The album is a lot like that video except with all the bizarre, teeth pulling interview segments removed. As wonderful as that video is Dr. John really didn’t seem like he was having a great day. The album is flawless though, an hour with a hundred years of culture and hard earned knowledge baked into it.
Songbook
This recently released Deluxe Edition of Allen Toussaint’s Songbook is well worth your attention. If you don’t know Toussaint (I know you do though) he’s the producer, writer, arranger and player at the heart of a lot of the greatest music to come out of New Orleans in the last third of the twentieth century and a good chunk of this one. When he was a young man he earned a crust by covering Fats Domino’s studio dates, Fats was too busy touring to be able to actually play piano on all the records that said they had him playing on them, Allen was perfect at mimicking his playing so nobody got hurt and everybody got lied to. I first became aware of him thanks to his stunning brass arrangements on the Band’s Rock of Ages live album. I followed the threads backwards to the many songs he wrote and produced, staggered time and again by his prolific genius. This set of live recordings, largely from a New York pub gig, provide an excellent overview of an amazing career span. His singing isn’t mind blowing but his piano playing and songwriting absolutely are.
James Booker
I think we’ll come back to James Booker because he’s spectacular and I can’t quite cover it all today. I ran into this live cover of Lonely Avenue the other day and loved it. When you get to heaven ask Dr. John or Allen Toussaint where you can watch the best New Orleans piano player and I promise they’ll take you to a James Booker gig.

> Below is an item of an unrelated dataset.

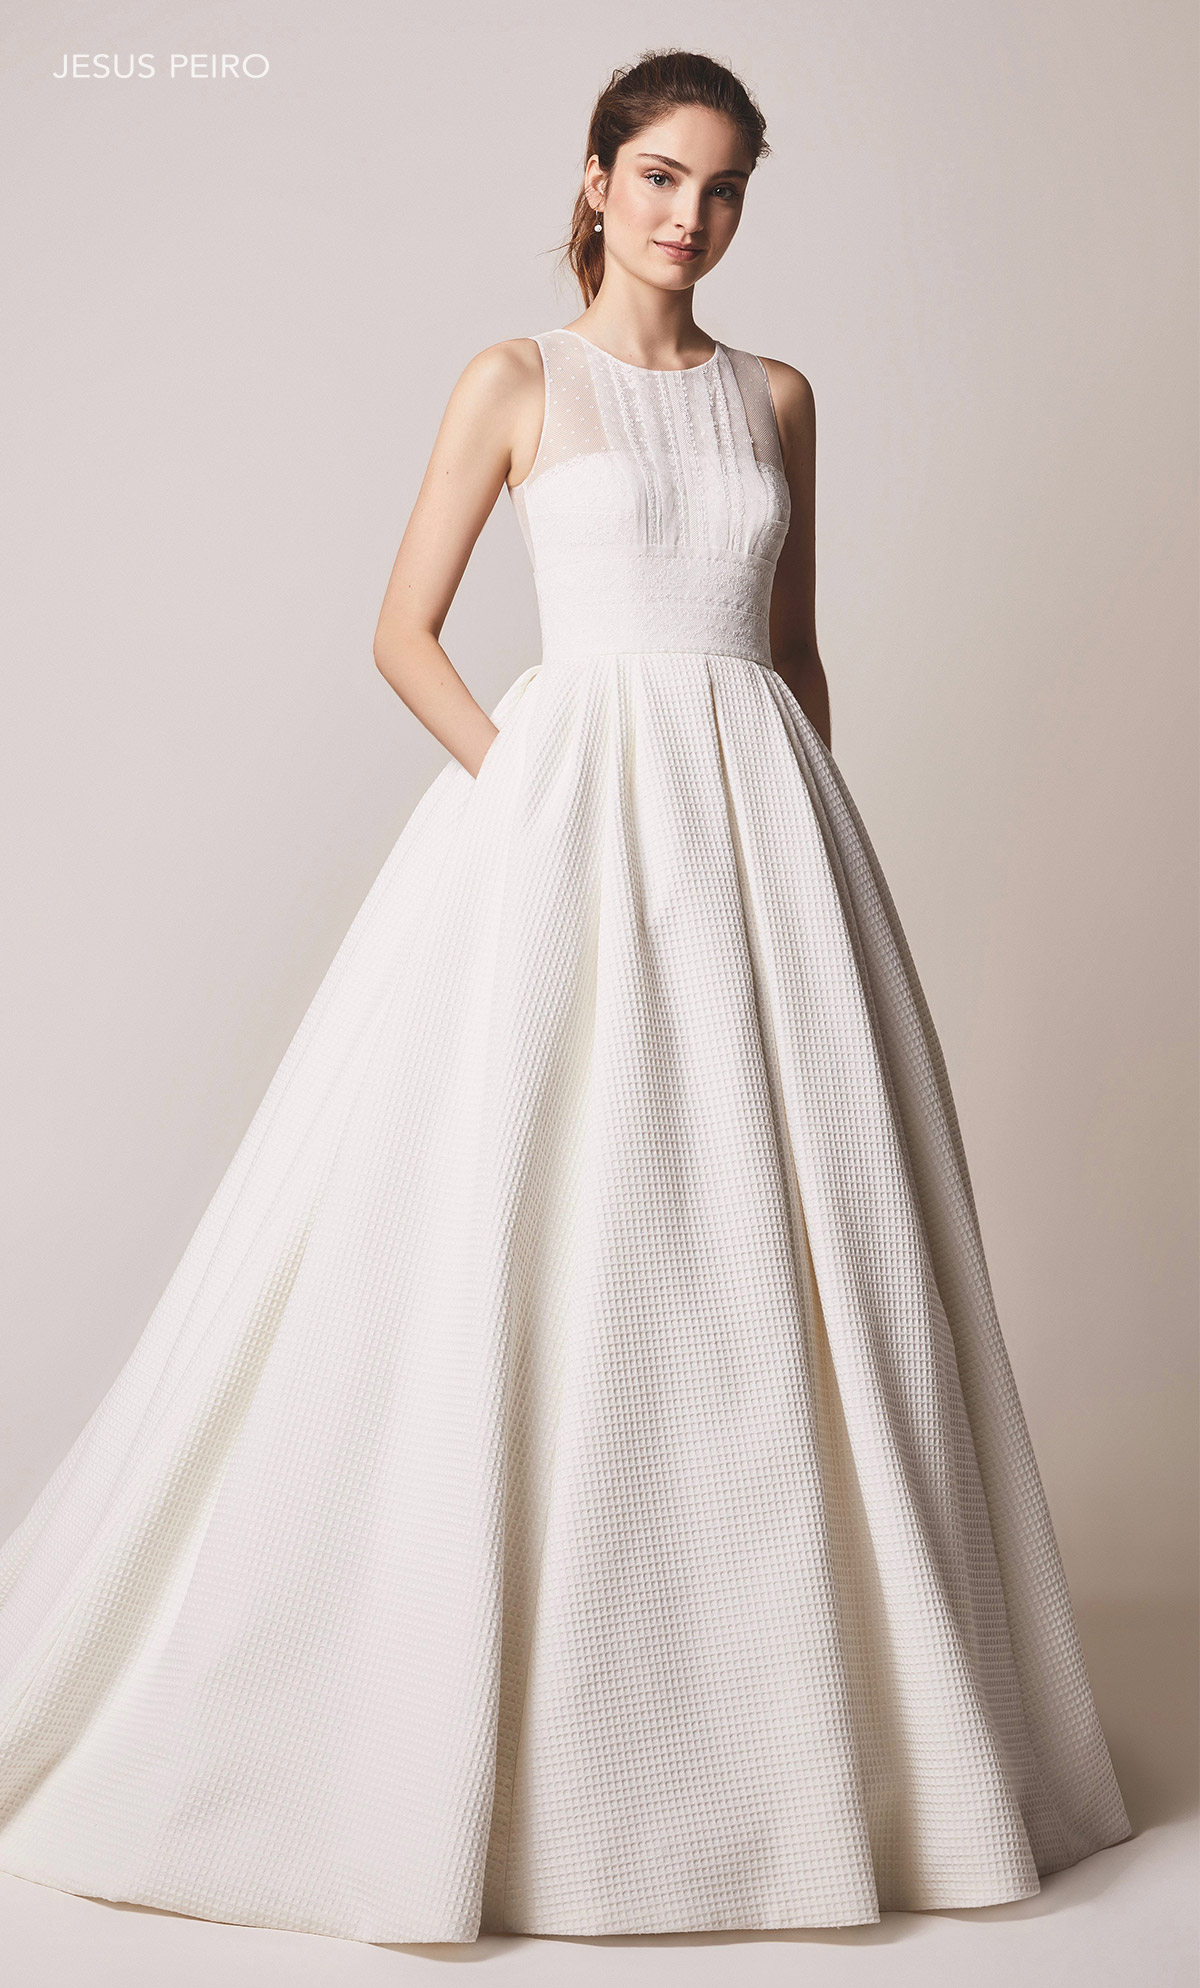 Vestido novia Jesús Peiró Ref.104

This was fantastic. Thank you for sharing these.
It won't surprise you to hear that I've got the cassette *and* the single. Very fine it is too (and I always wondered who Thomas Danger was). I guess I could buy another copy of the cassette, but what would I do with it?
"the whole damn thing is there, untouched"
Same thing happened to Mike Garson, so you're in good company. He improvised a few takes for Bring Me The Disco King, which Bowie cut up to assemble a single track out of the best bits. Garson took that home as a guide, played it straight through on his concert grand and recorded that. Which Bowie didn't use; what you hear on the album is the guide, a jigsaw of three different run-throughs on the studio's Rhodes. (And maybe DB was right; it certainly works.)
https://bowiesongs.wordpress.com/2015/02/17/bring-me-the-disco-king/
Yay Marc - our paths crossed a couple of times in the early 80s, and I always thought he was a good guy. J Hoop sounds like a charmer. Still, at least she didn't correct anyone's grammar.